DataparkSearch versions of 2003-2004


Latest versions.
17 Dec 2004: 4.27, 3,475,218 bytes, 23.03.2007, 03:09 MSK
Compilation problem with latest ChaSen version has been fixed.
Values for cache mode limit on Content-Language is now computes on first 2 bytes of language code.
Values for StoredFiles, URLDataFiles and WrdFiles can now be changed. Simple specify values for OldStoredFiles, OldURLDataFiles and OldWrdFiles and run "indexer -T" on PC where cached or stored database is located. You should remove OldStoredFiles, OldURLDataFiles and OldWrdFiles commands after conversion.
Support for MP3 ID3v2.0 and ID3v2.4 tags has been added. Support for the MP3 ID3v2.3 tags has been improved.
Units were changed from seconds to milliseconds for pause between indexing documents (-p switch for indexer).

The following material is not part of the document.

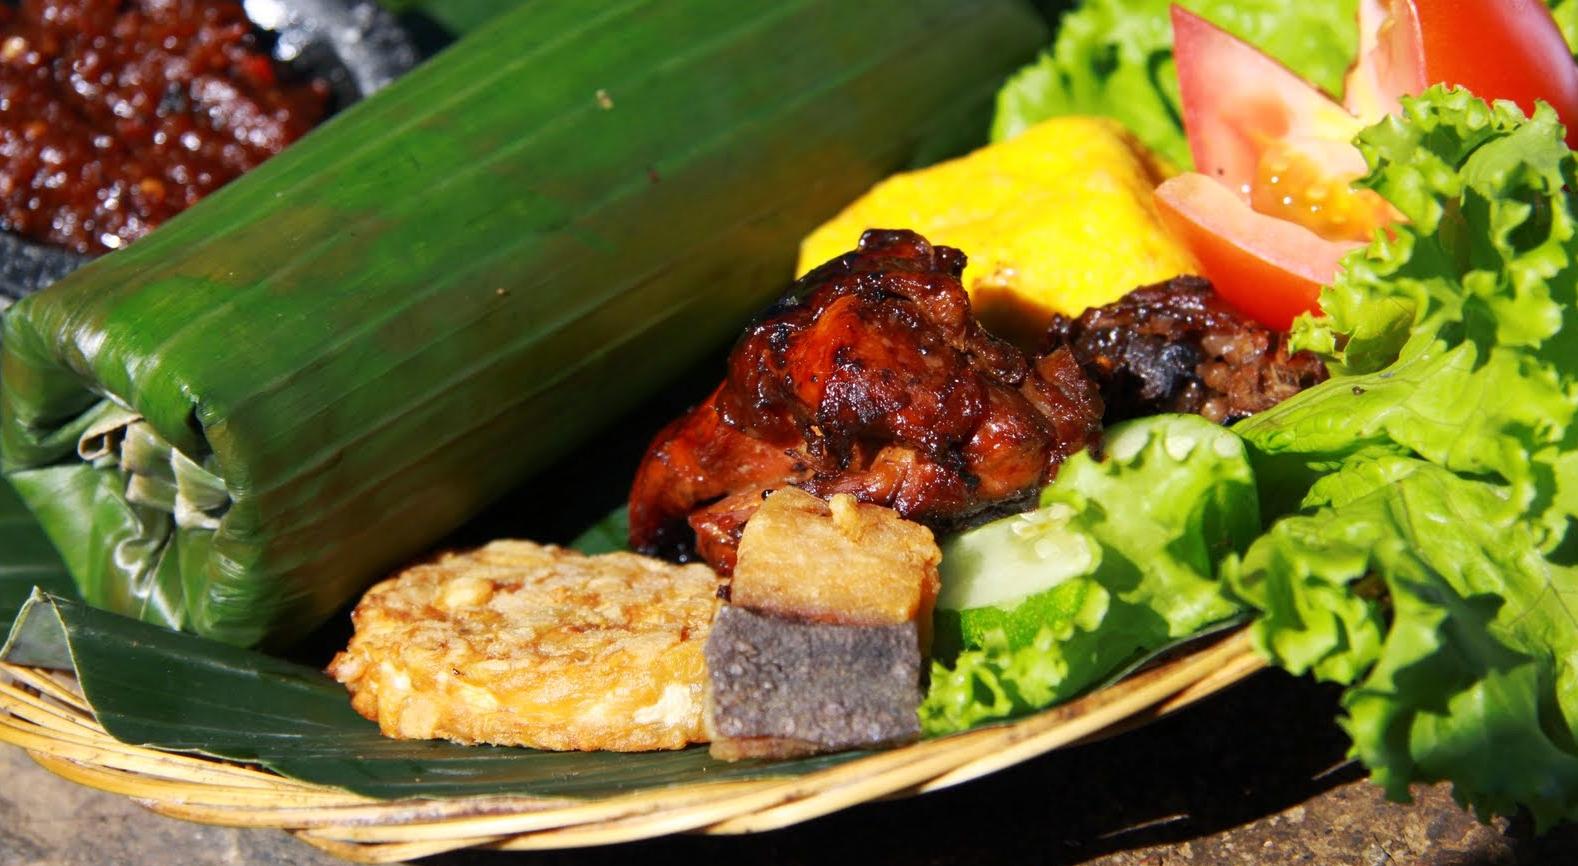 Paket Makan Siang Di Floating Market Untuk Rombongan Tiket Masuk Lembang Ilustrasi Bandung 2017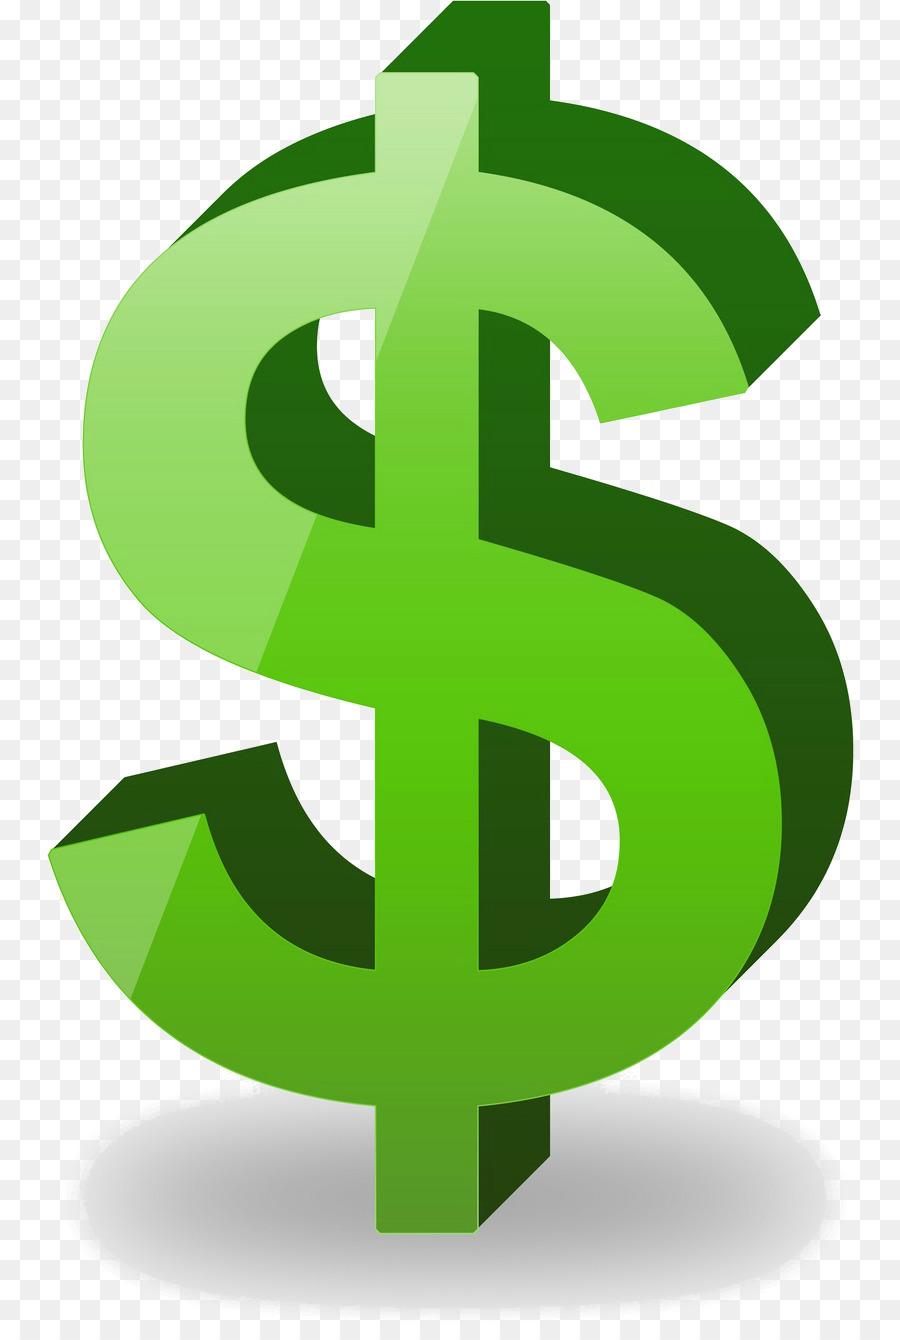 900x1340 Dollar Sign United States Dollar Currency Symbol Clip Art

<!--noindex> and <!--/noindex--> tags can now be used to exclude the text between from indexing for compatibility with ASPSeek.
Support for the UTF-16LE and UTF-16BE encodings has been added. Language maps format has been changed. You need to replace used maps from distribution or recreate your own maps with new version of dpguesser.
Excerpts construction time is now included into search time displayed.
Occasional hang on queries with no result has been fixed.
A possible memory corruption has been fixed in excerpt construction.
Indexer is now send Accept request header according to MIME parsers configured.
A possible memory corruption in mod_dpsearch has been fixed.
Apache version detection has been improved.
Quasi-ispell support for Japanese language has been added. You need to download the quasi-ispell data dpsearch-spell-ja.tgz from our site or from one of our mirrors.
Some speed improvements has been made.
Several bugs were fixed.
05 Nov 2004: 4.26, 3,467,280 bytes, 23.03.2007, 03:04 MSK
Canonical charset names were adjusted according to the IANA preferred names.
The HrefSection command has been added. Use it to extract links from any document section.
Recoding for SGML entities in URL has been fixed.
Arabic, Hebrew, Icelandic, Japanese, Latvian, Romanian and Thai stopword lists were added.
The MaxDocsPerServer command has been added. No more than given number of pages will be indexed from one Server during this run of indexer.
TagIf and CategoryIf commands has been added. Use them to assign tag or category according pattern match on an document section.
IndexIf and NoIndexIf commands has been added. Use these command to allow/disallow indexing by pattern match on an document section.
The value for a section can now extract from document content using regex-like pattern.
The Bind command has been added. Use it to specify local IP address.
Several bugs were fixed.
13 Oct 2004: 4.25, 3,446,203 bytes, 23.03.2007, 02:59 MSK
Recoding from the Unicode to the EUC-JP, Big5, EUC-KR, GB2312, GBK, Gujarati, SJIS has been fixed.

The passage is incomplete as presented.